Genomic Instability in Cerebrospinal Fluid Cell-Free DNA Predicts Poor Prognosis in Solid Tumor Patients with Meningeal Metastasis

Abstract

Genomic instability (GI), which leads to the accumulation of DNA loss, gain, and rearrangement, is a hallmark of many cancers such as lung cancer, breast cancer, and colon cancer. However, the clinical significance of GI has not been systematically studied in the meningeal metastasis (MM) of solid tumors. Here, we collected both cerebrospinal fluid (CSF) and plasma samples from 56 solid tumor MM patients and isolated cell-free ctDNA to investigate the GI status using a next-generation sequencing-based comprehensive genomic profiling of 543 cancer-related genes. According to the unfiltered heterozygous mutation data-derived GI score, we found that 37 (66.1%) cases of CSF and 3 cases (6%) of plasma had a high GI status, which was further validated by low-depth whole-genome sequencing analysis. It is demonstrated that a high GI status in CSF was associated with poor prognosis, high intracranial pressure, and low Karnofsky performance status scores. More notably, a high GI status was an independent poor prognostic factor of poor MM-free survival and overall survival in lung adenocarcinoma MM patients. Furthermore, high occurrences of the co-mutation of TP53/EGFR, TP53/RB1, TP53/ERBB2, and TP53/KMT2C were found in MM patients with a high GI status. In summary, the GI status in CSF ctDNA might be a valuable prognostic indicator in solid tumor patients with MM.

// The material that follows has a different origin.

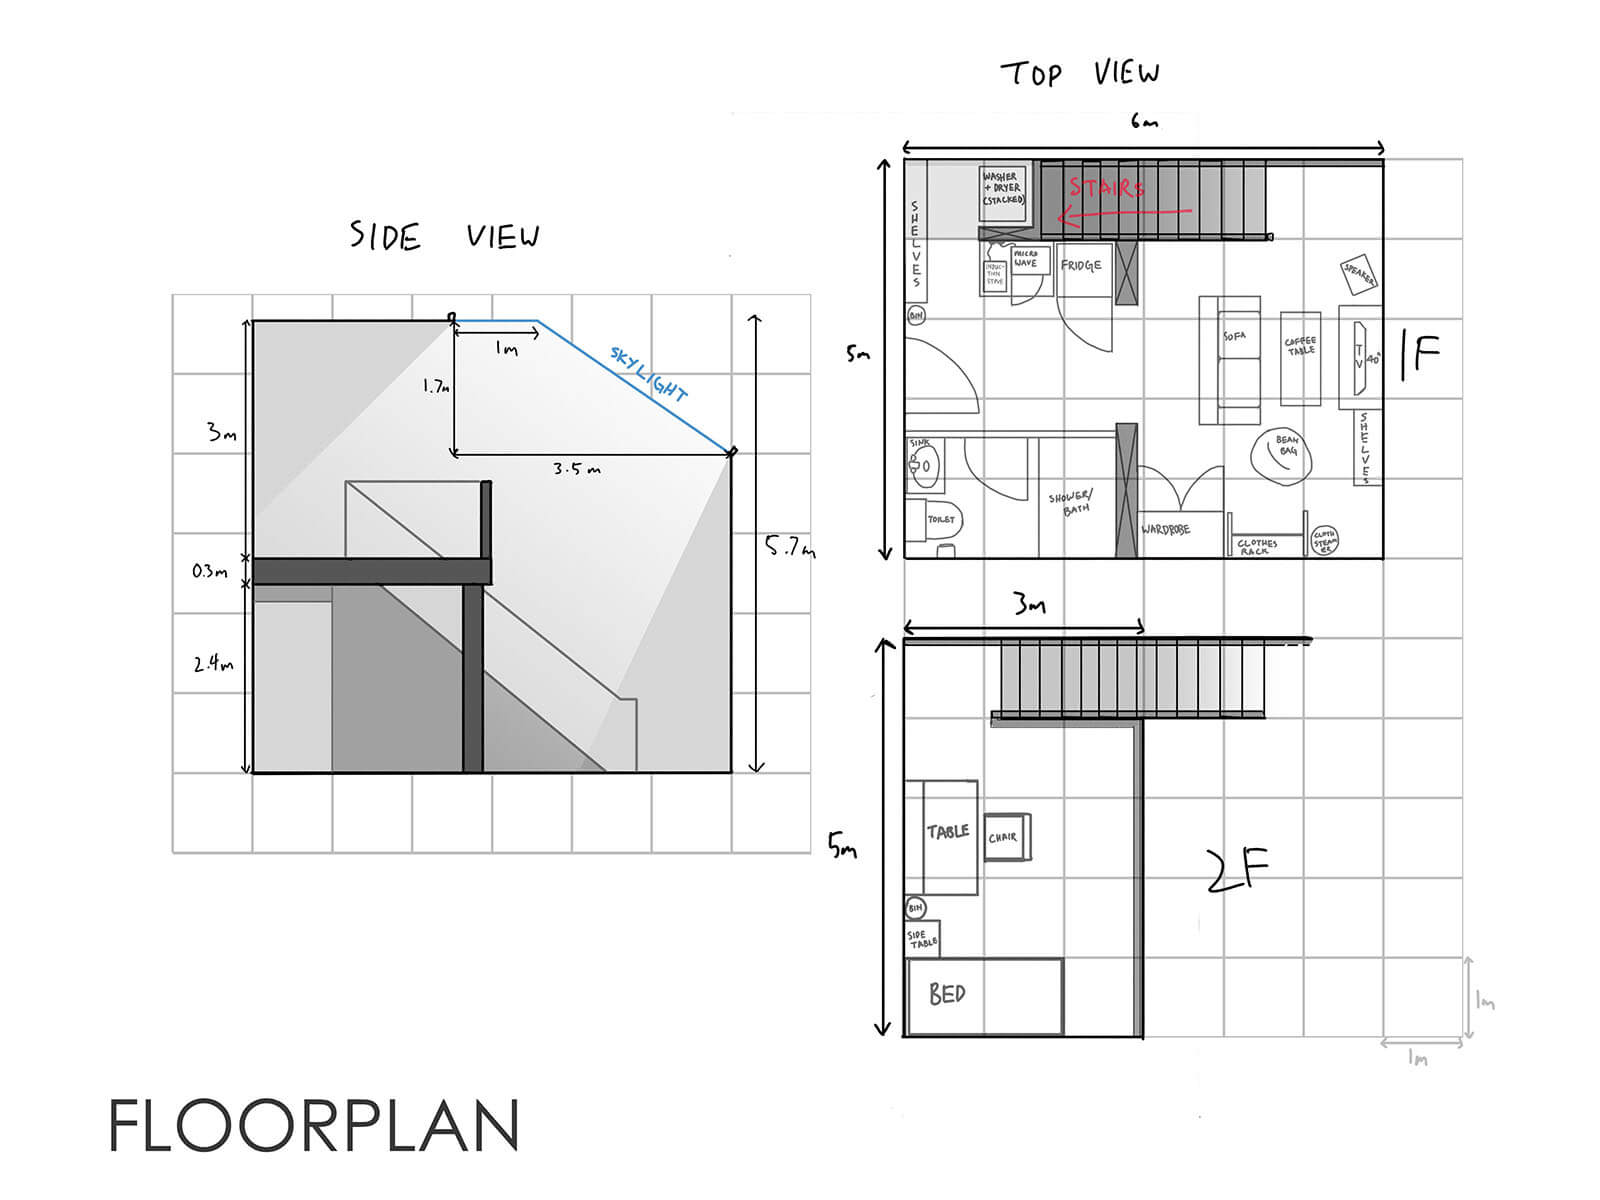 Top-down view of a Floorplan for a small apartment

Keywords: cell-free DNA; cerebrospinal fluid; genomic instability; meningeal metastases; plasma.

Figure 1

CSF ctDNA is more reflective of the genetic profile of meningeal metastasis than plasma ctDNA. (A,B) Oncoprint of CSF (A) and plasma (B). Each column represents a patient; each row represents a gene. Different types of mutations are colored differently. The top bar represents the total number of mutations that a patient has. A sidebar summarizes the frequency of mutations in this cohort. (C,D) The total number of genetic variants (C) and the total number of SNVs (D) in CSF and plasma. (E,F) The detection rates of EGFR mutations (E) and TP53 mutations (F). (G) The detection rate is defined as having any copy number variation detected from the panel. (H) Copy numbers of genes exhibiting CNV in both CSF and plasma.

Figure 2

GS analysis of CSF and plasma based on a panel of 543 cancer-associated gene panels. The left side of the figure shows the allele frequency of shared mutations in leukocytes, plasma ctDNA and CSF ctDNA analyzed with unfiltered mutation data. The right side of the figure shows the distribution of the CSF gene copy number log2 ratio. All horizontal coordinates are chromosome locations. (A–E) Results of five patients with GI. (F–I) Results of four patients with GS. BC, white blood cells; CF, plasma; CSF, cerebrospinal fluid; CN, copy number.

Figure 3

The reliability of the GI score was successfully verified by low-depth WGS copy number analysis in eight patients. (A–E,H) Changes in the gene copy number in the CSF of six patients with GI. (F,G) Changes in the gene copy number in the CSF of two patients with GS. (I) Changes in the gene copy number in the paired plasma of a genome-stable patient (P48).

Figure 4

MM is associated with increased GI. (A) GI scores in the GI and GS groups. (B,C) The proportions of 56 solid tumor MM patients (B) and 45 LUAD MM patients (C) with GI in CSF and plasma ctDNA.

Figure 5

GI is associated with a poor prognosis, a low Karnofsky functional status score, and severe intracranial hypertension. (A,B) Analysis of MFS (A) and OS (B) in genomically unstable and genomically stable LUAD patients with MM. (C,D) Intracranial pressure in the GI and GS groups for all patients and (D) for 45 patients with LUAD (C). (E,F) Correlation analysis between intracranial pressure and GI scores. (G,H) The proportion of patients who have had LP shunts in the GI and GS groups. (I,J) KPS scores in the GI and GS groups. MM, meningeal metastasis; LUAD, lung adenocarcinoma; KPS, Karnofsky performance status; LP, Lumboperitoneal.

Figure 6

Comparison of gene characteristics between the GI and GS groups and their relationship with GI and prognosis. (A–C) The total number of gene mutations (A), the number of SNVs (B), and the number of CNVs (C) in the GI and GS groups. (D) Mutation rates of TP53 in the GI and GS groups. (E) GI scores in CSF samples with/without TP53 mutation. (F–I) Detection of co-mutations of TP53/EGFR (F), TP53/KMT2C (G), TP53/ERBB2 (H), and TP53/RB1 (I) in the GI and GS groups. (J,K) GI scores in CSF samples with/without corresponding TP53 co-mutations. (L–N) The presence of TP53 co-mutations was significantly associated with MM and poor prognosis.